I'm not the only one who has experienced an ex-flame haunting the present. It's always awkward, right? You'll feel a mixture of resentment and embarrassment in this occurence. Also, your head will then entertain a series of "what-if" scenarios and endless reel of playbacks about bad times in the relationship.
However, it goes the same with situations where you wanted "out" but are trapped in the other person's need for a so-called closure. I write this because I recently experienced this exact thing. I just let him think what he wants to think and let him say what he wanted to say, just to get it over with. And I thought it was only women who need closure. I guess I was wrong then. Hehe.

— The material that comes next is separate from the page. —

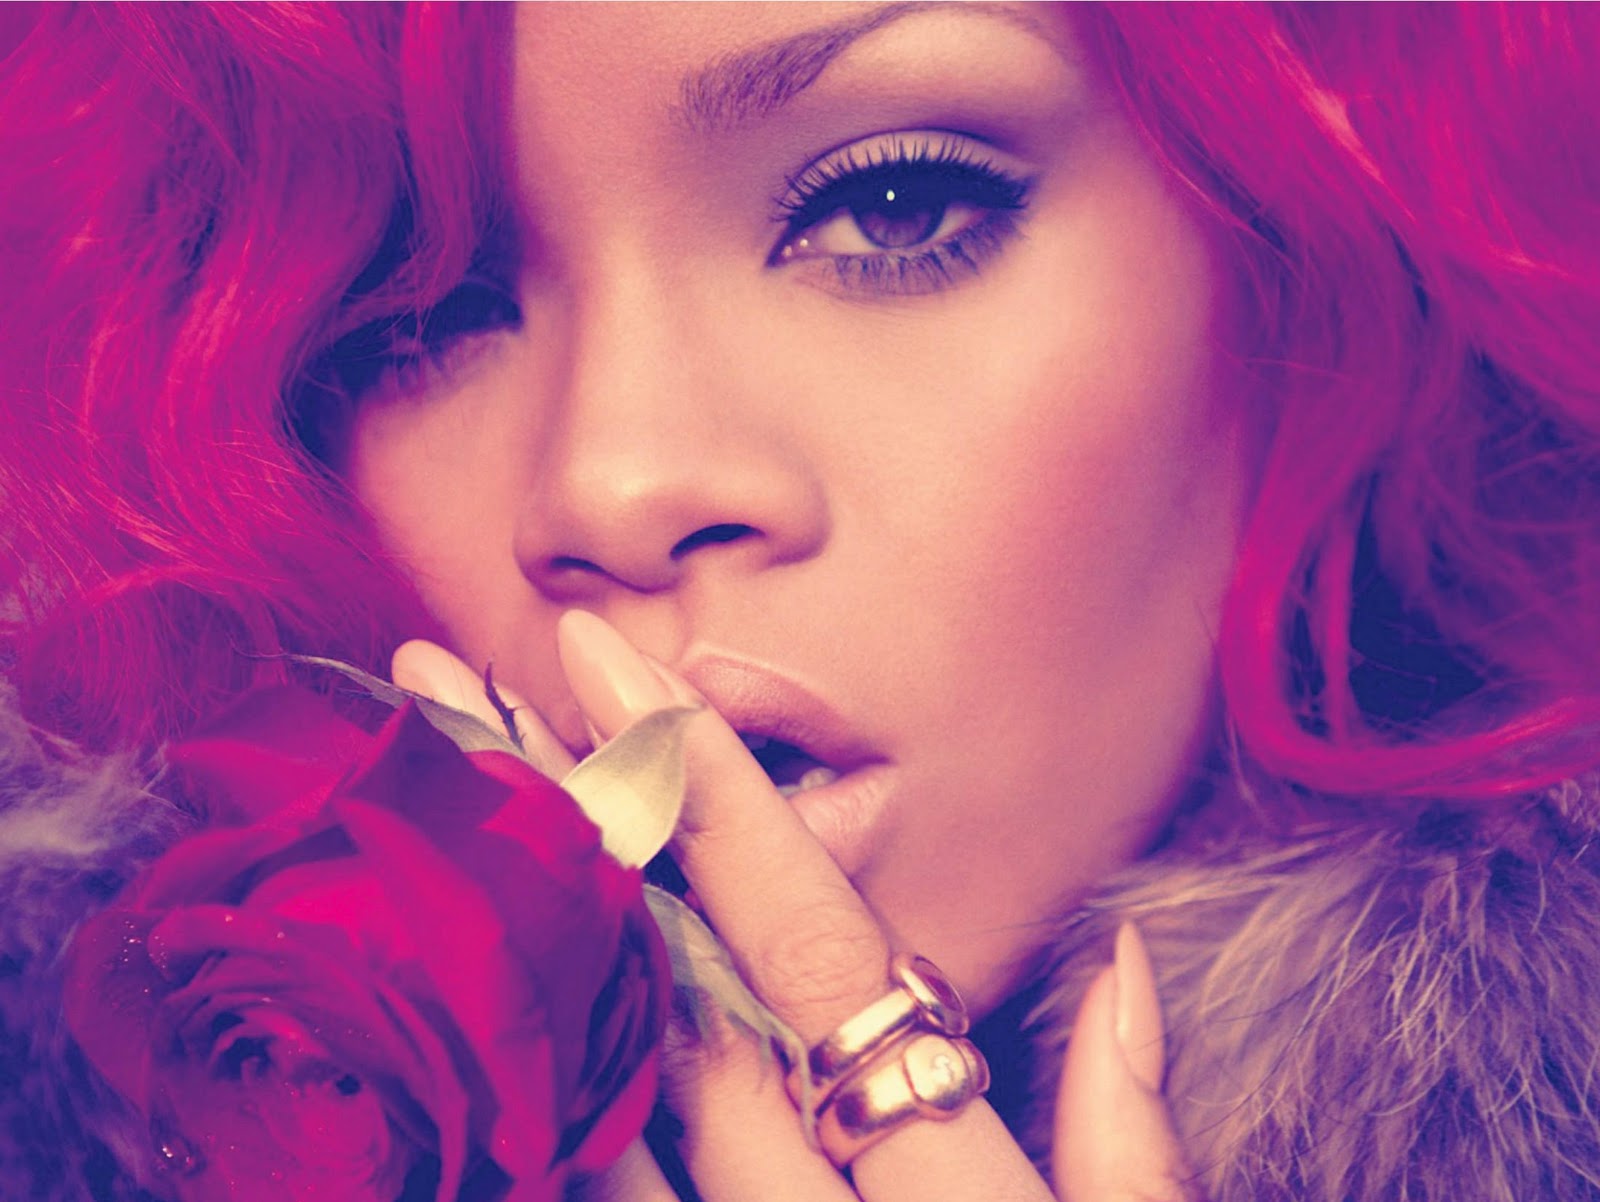 http://2.bp.blogspot.com/_PGj89ytP1AM/TUrERJDLuPI/AAAAAAAAAqM/hu_7vbp-qas/s1600/Rihanna-Loud-Album-Booklet%255B1%255D.jpg

I'm not gonna bore you with all the details. I just found it funny because he sounded like the wounded party during the conversation when in reality he was the one who did the leaving and disappearing, I mean, he said he was still bitter about it and had the audacity to be angry even after being such a jerk and an asshole in ending things with me! Hahaha. He was the one who chose to end it, on my birthday, mind you! Anyway, I was hurt and angry for a while but I realized that I really didn't want to be with him, anyway. That's why I almost married someone else after that [which didn't work out either! Teeheehee.].
Anyhoo, my message to the guy: "get over yourself! I've moved on several times over, you should, too! I don't really care if you really did love me. It's irrelevant now."
Now, I've learned that once dropped, I'd rather not pick it up again no matter how much they claim that love can be sweeter the second time around. That cliche didn't turn out to be real for me. Yea, it's a been there, done that kind of thing. It's good to note, though, that I'm referring to the second try with my first love. Now that was a huge mistake! Hahaha. Oh, well. The past is where it should be, anyway.
To all the ex-flames, good riddance, I'd say.